In addition to post 17,18 notice that

D exp^[1/2](x) = D exp^[1/2] (exp(x) ) * exp(x) / exp^[1/2](exp(x)).

That follows from ln exp^[a] ( exp(x) ) = exp^[a](x) and the chain rule for derivatives.

By induction / recursion this gives a nice way ( product ) to compute the derivative.

This strenghtens the conclusions from post 17 , 18 and shows that

1 + o(1) <<_n 2.

( smaller after only a few iterations n )

We conclude by noting that the Taylor T

T = Sum_{K=4}^{oo} d_k x^k

With d_k = exp( - k^2 )

grows slower then exp^[1/2](x) , yet faster then any polynomial.

T has growth 0 , like exp( ln^2 (x) ) and similar.

Did we meet T yet ?? I believe T was a fake of Some elementairy like exp( ln^2 ) or such ...
This again leads to the desire of inverse fake or its related integral transforms ...

---

Regards

Tommy1729

I request complex plots of f(x) = fake exp^[1/3](x) , f(f(x)) and f(f(f(x))).

Like sheldon did for fake exp^[1/2](x) in one of the early posts in this thread.

It is very important !!

( potentially new results/conjectures based on those plots ! )

Regards

Tommy1729

Ps make sure to make backups of this website/content ? Bo ?
Im currently into this

f(x) = integral from 1 to +oo [ t^x g(t) dt ]

and the related

f(x) = a_0 + a_1* 2^x + a_2* 3^x + a_3 4^x + ...

( for suitable f(x) )

This is ofcourse similar to finding taylor series and fake function theory ( so far ).

The idea floating around of finding approximate entire dirichlet series with a_n >=0 is ofcourse tempting.

However maybe the inequality

a_n < min ( f(x)/n^x )

might be less efficient here ??

What do you guys think ?

NOTICE the integral transform is NOT the mellin transform.

Anyone knows an inverse integral transform for this ?

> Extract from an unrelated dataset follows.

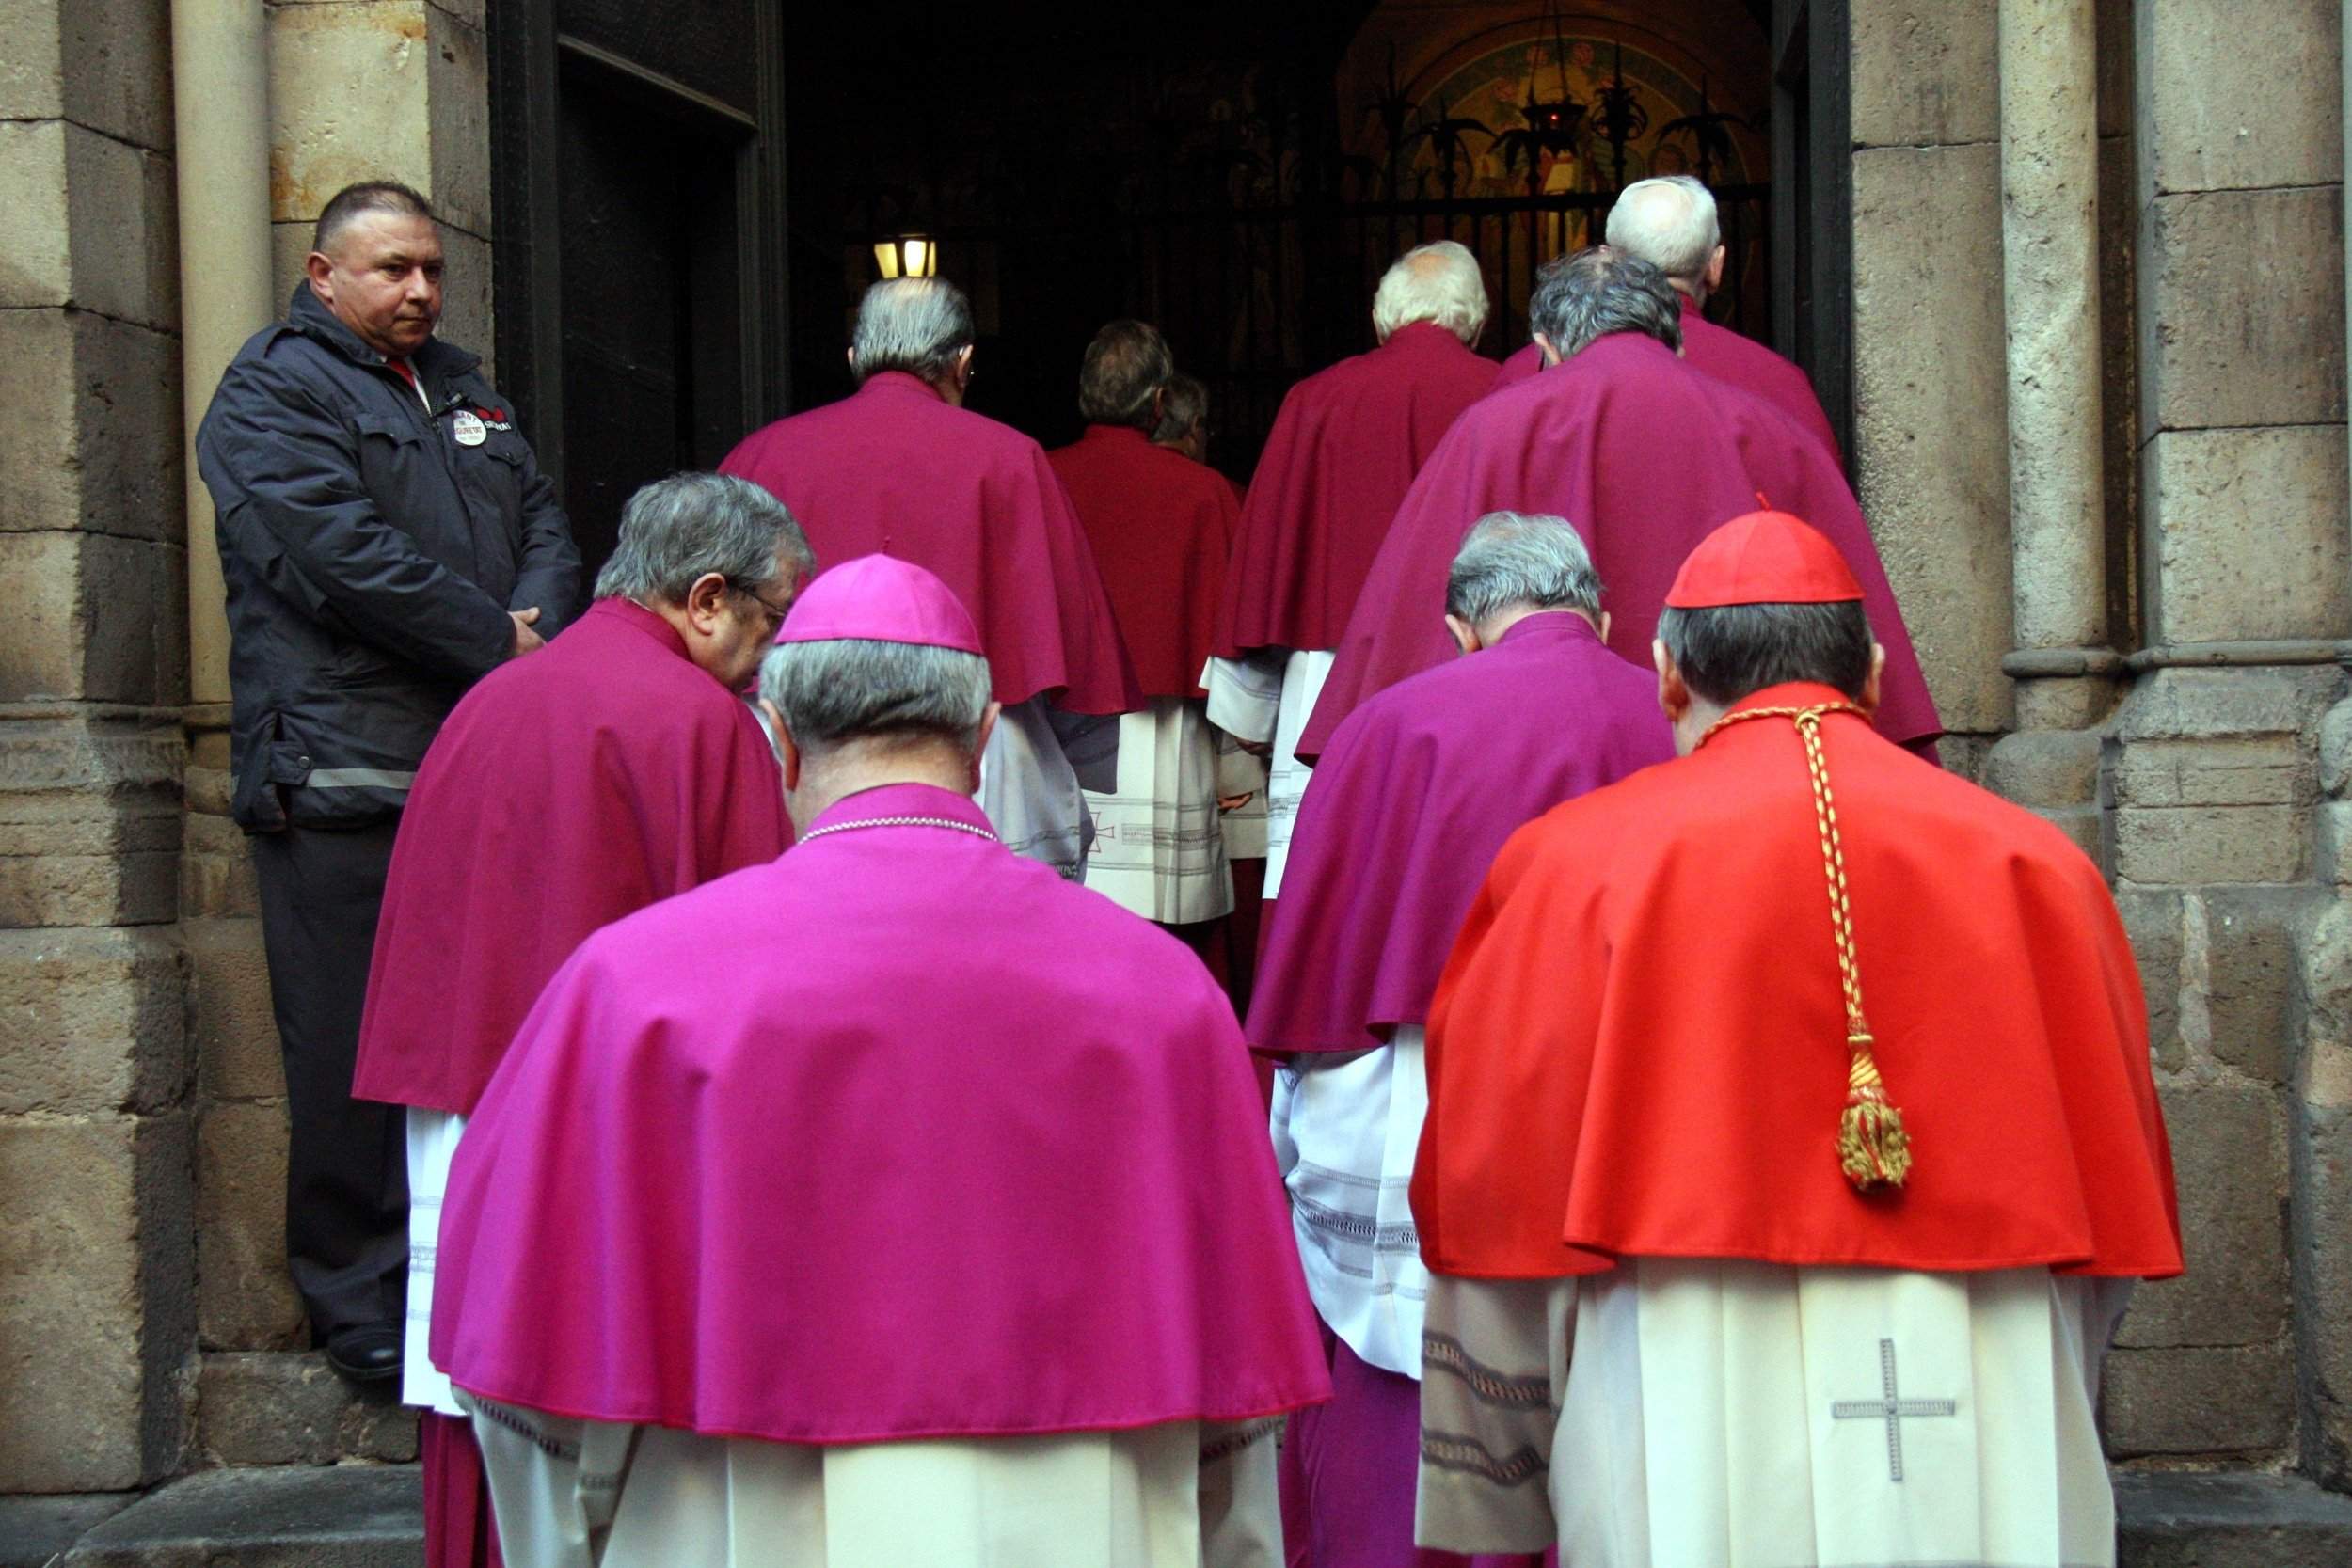 El cardenal Omella demana "bastir ponts"; el bisbe Pardo recorda els presos
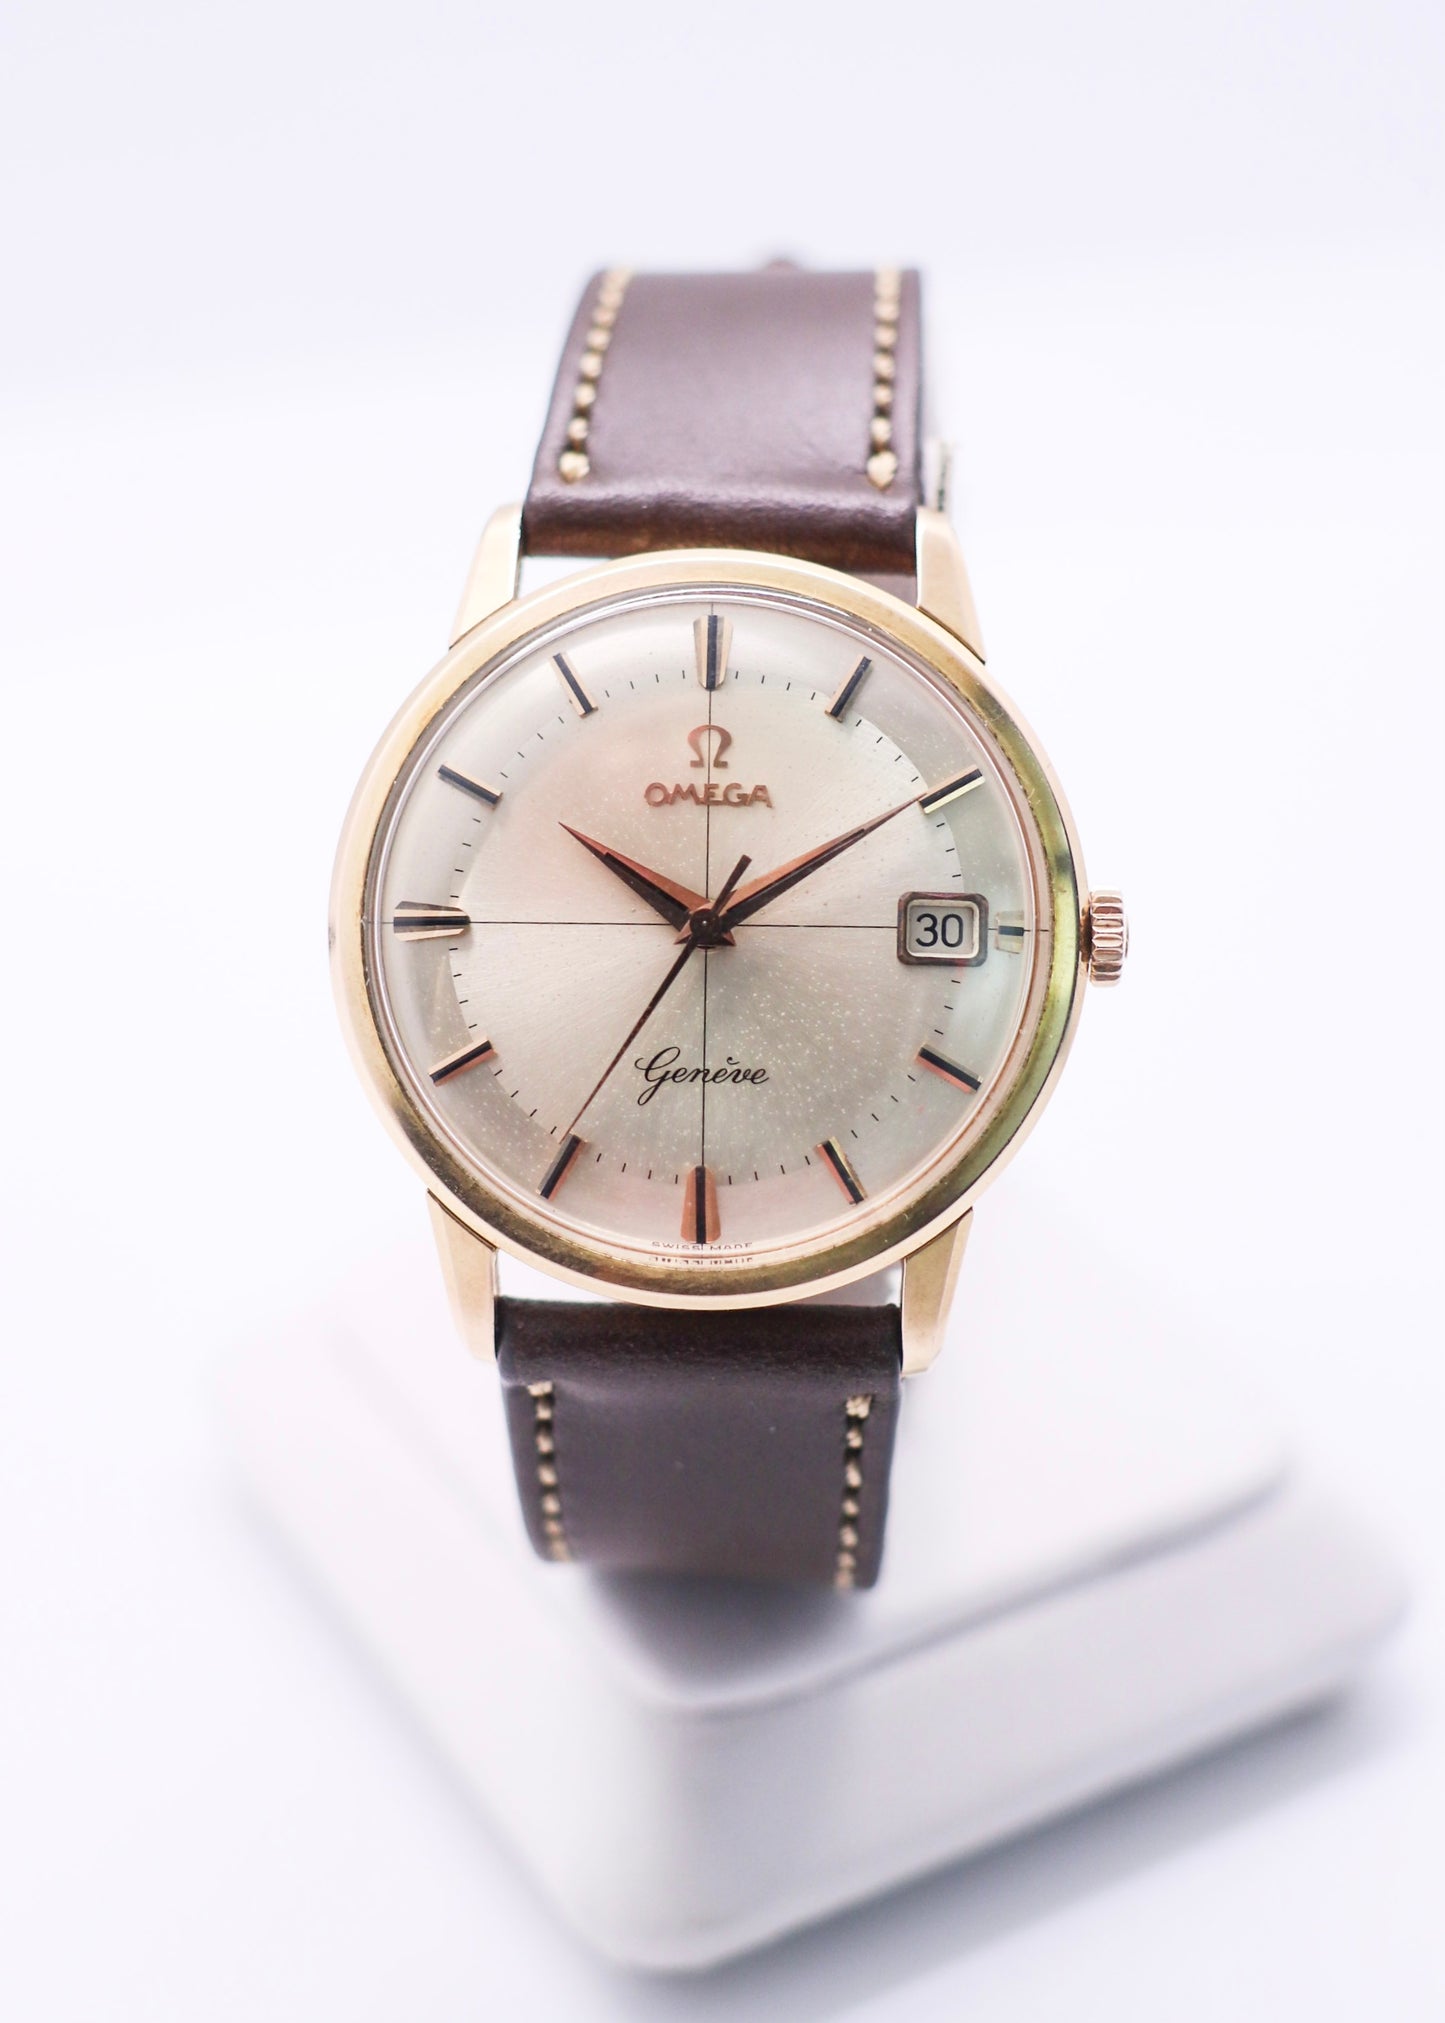 1961 Omega Model 14724 SC-61 Dress Watch

I think f(x) = gamma(x,1) + (constant) might make an interesting case ...

regards

tommy1729
(07/18/2021, 11:47 PM)tommy1729 Wrote: [ -> ]Im currently into this

f(x) = integral from 1 to +oo [ t^x g(t) dt ]

and the related

f(x) = a_0 + a_1* 2^x + a_2* 3^x + a_3 4^x + ...

( for suitable f(x) )

This is ofcourse similar to finding taylor series and fake function theory ( so far ).

The idea floating around of finding approximate entire dirichlet series with a_n >=0 is ofcourse tempting.

However maybe the inequality

a_n < min ( f(x)/n^x )

might be less efficient here ??

What do you guys think ?

NOTICE the integral transform is NOT the mellin transform.

Anyone knows an inverse integral transform for this ?

I think f(x) = gamma(x,1) + (constant) might make an interesting case ...

regards

tommy1729

As a small example :

integral from 1 to +oo [ t^x g(t) dt ]

with g(t) = exp(- ln(t)^2 )

equals :

(1/2) * ( erf((x+1)/2) +1) *  sqrt(pi) * exp( (1/4)* (x+1)^2 ).

I find this fascinating.

btw g(t) reminds me again of the binary partition function.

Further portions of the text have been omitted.